Each line that contains the word "area" counts once; give the total for the records below and nothing else.

········

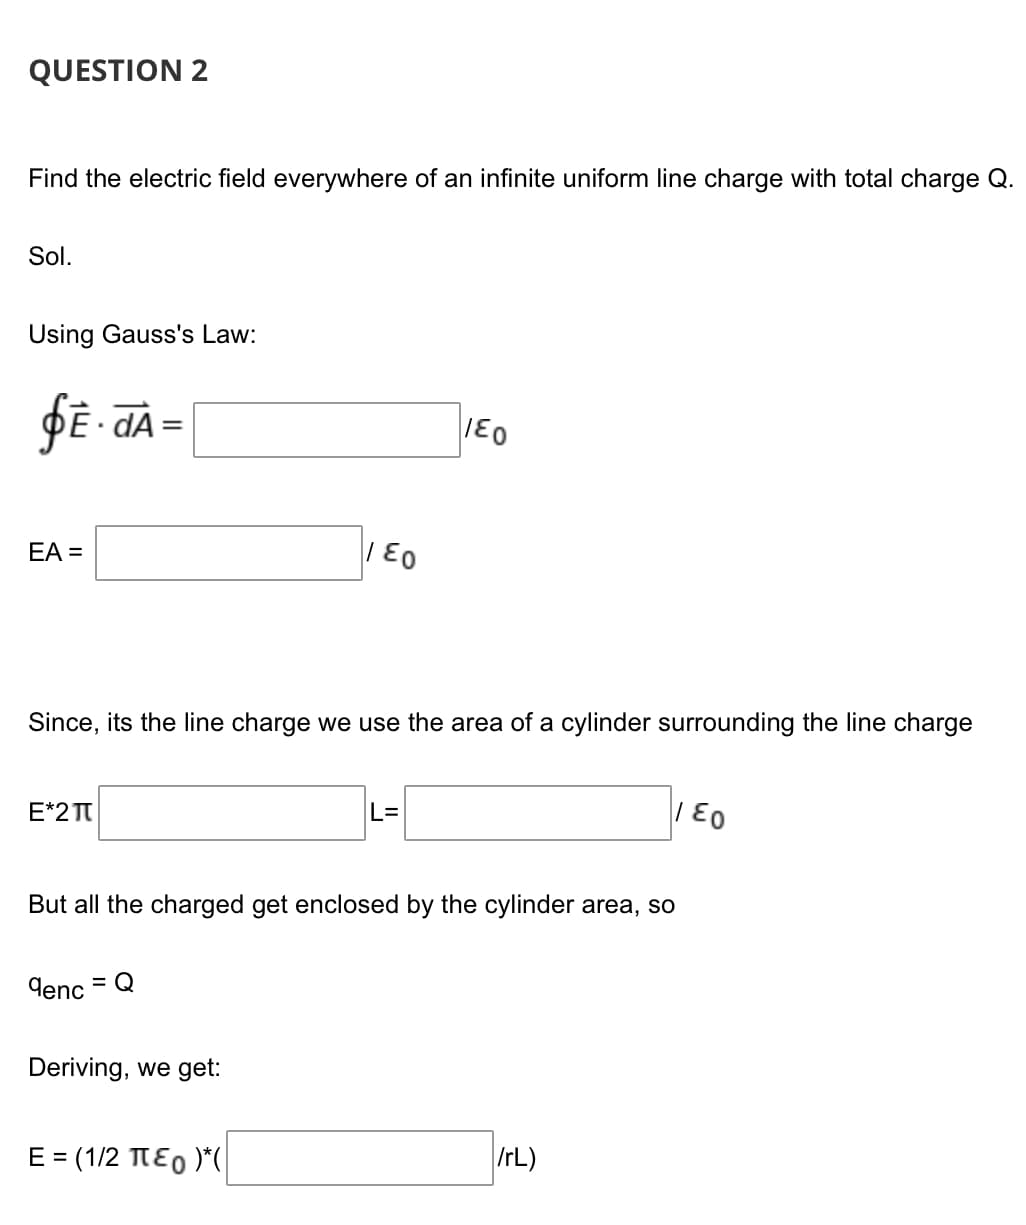 QUESTION 2
Find the electric field everywhere of an infinite uniform line charge with total charge Q.
Sol.
Using Gauss's Law:
DE dA
%3D
EA =
| E0
Since, its the line charge we use the area of a cylinder surrounding the line charge
E*2 TT
L=
But all the charged get enclosed by the cylinder area, so
denc
= Q
Deriving, we get:
E = (1/2 TE0 )*(|
IrL)
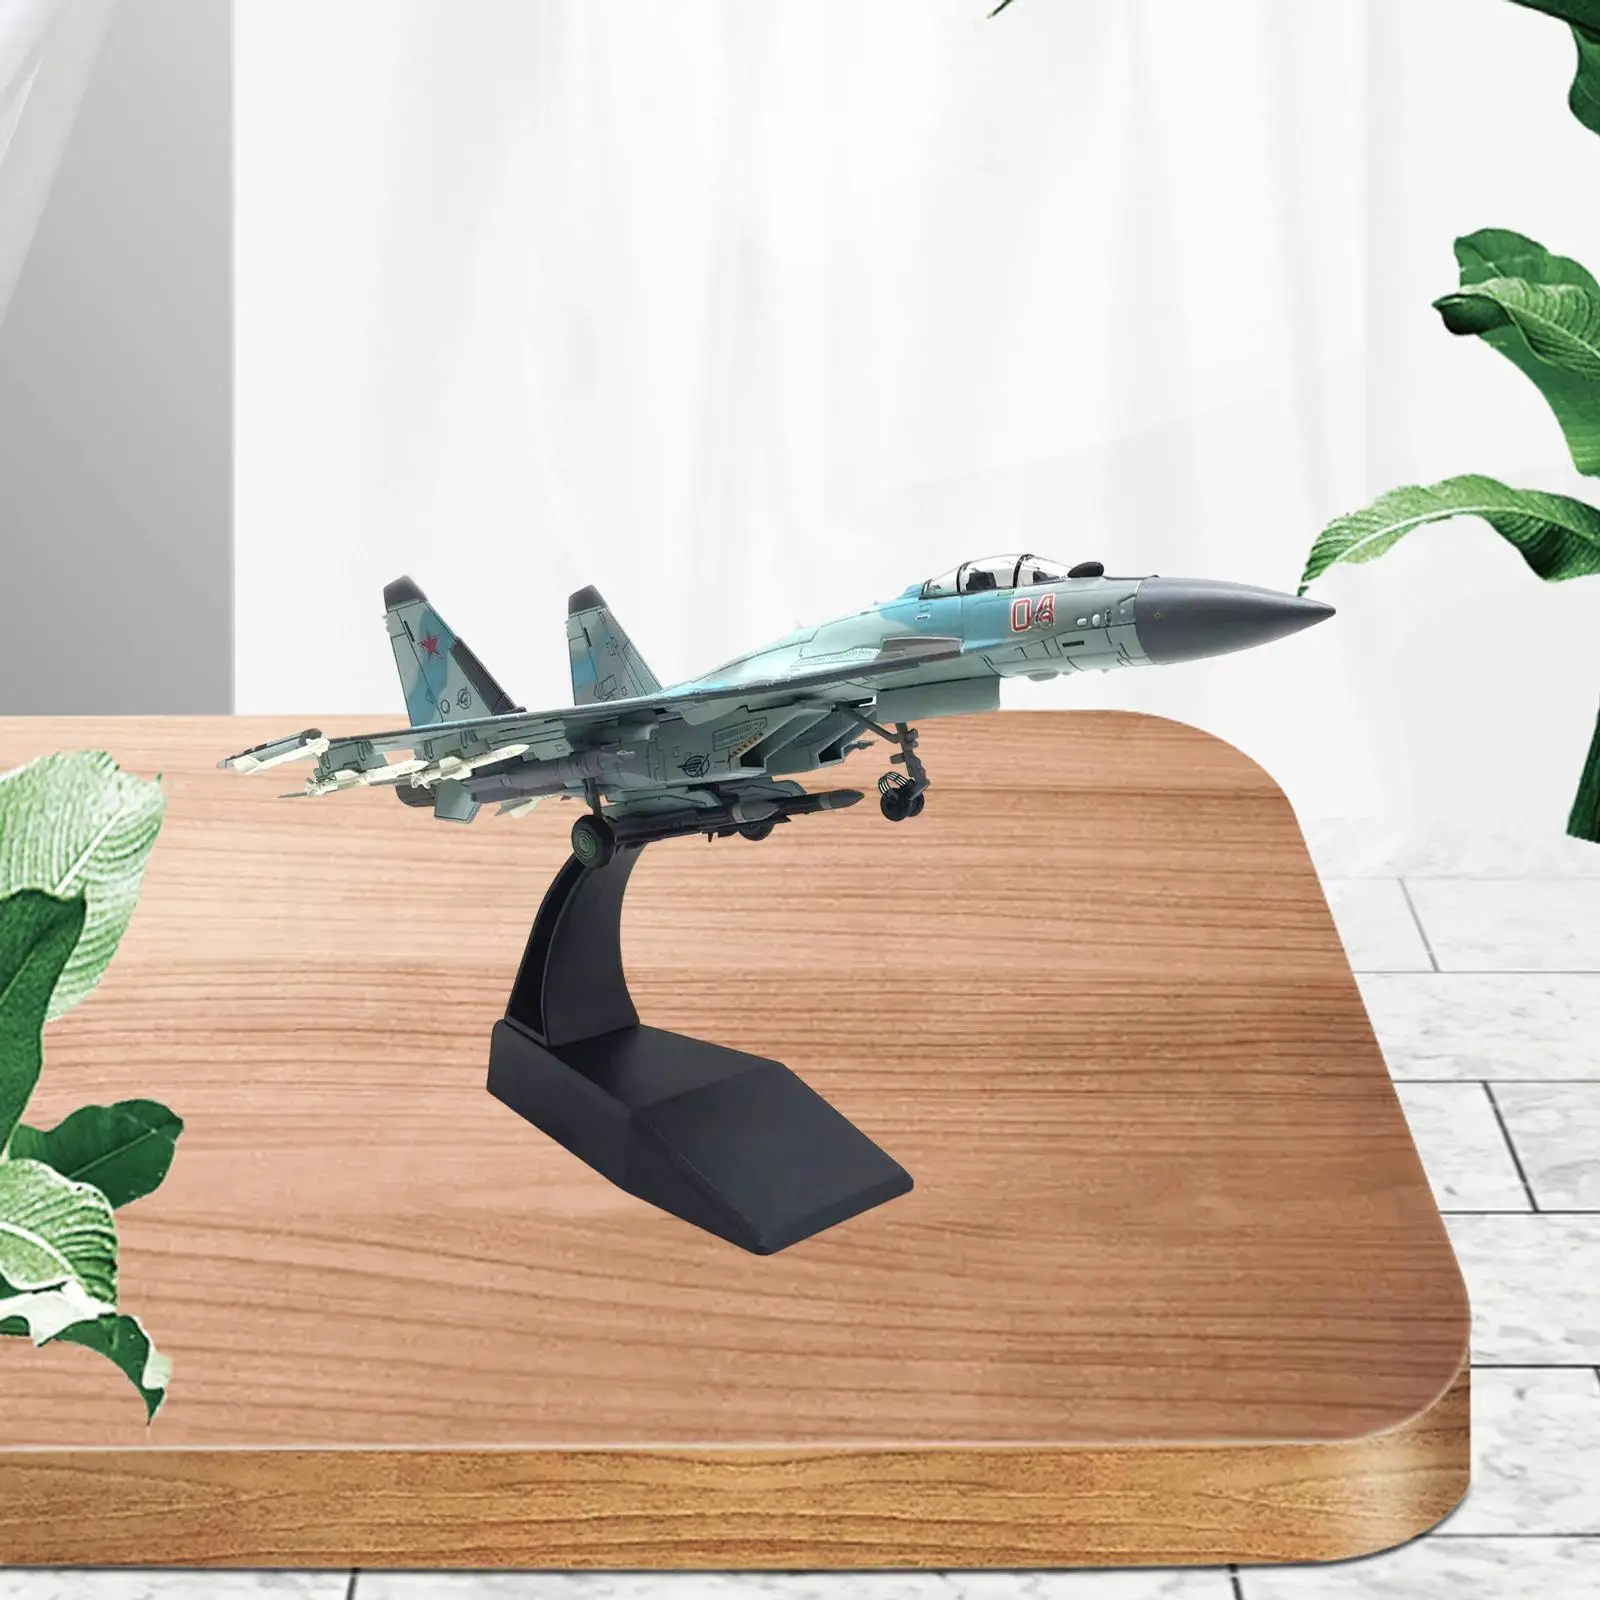 1/100 Fighter Model Airplane Alloy Diecast Aircraft for Desktop Decor

········

> [Exercise solution] 2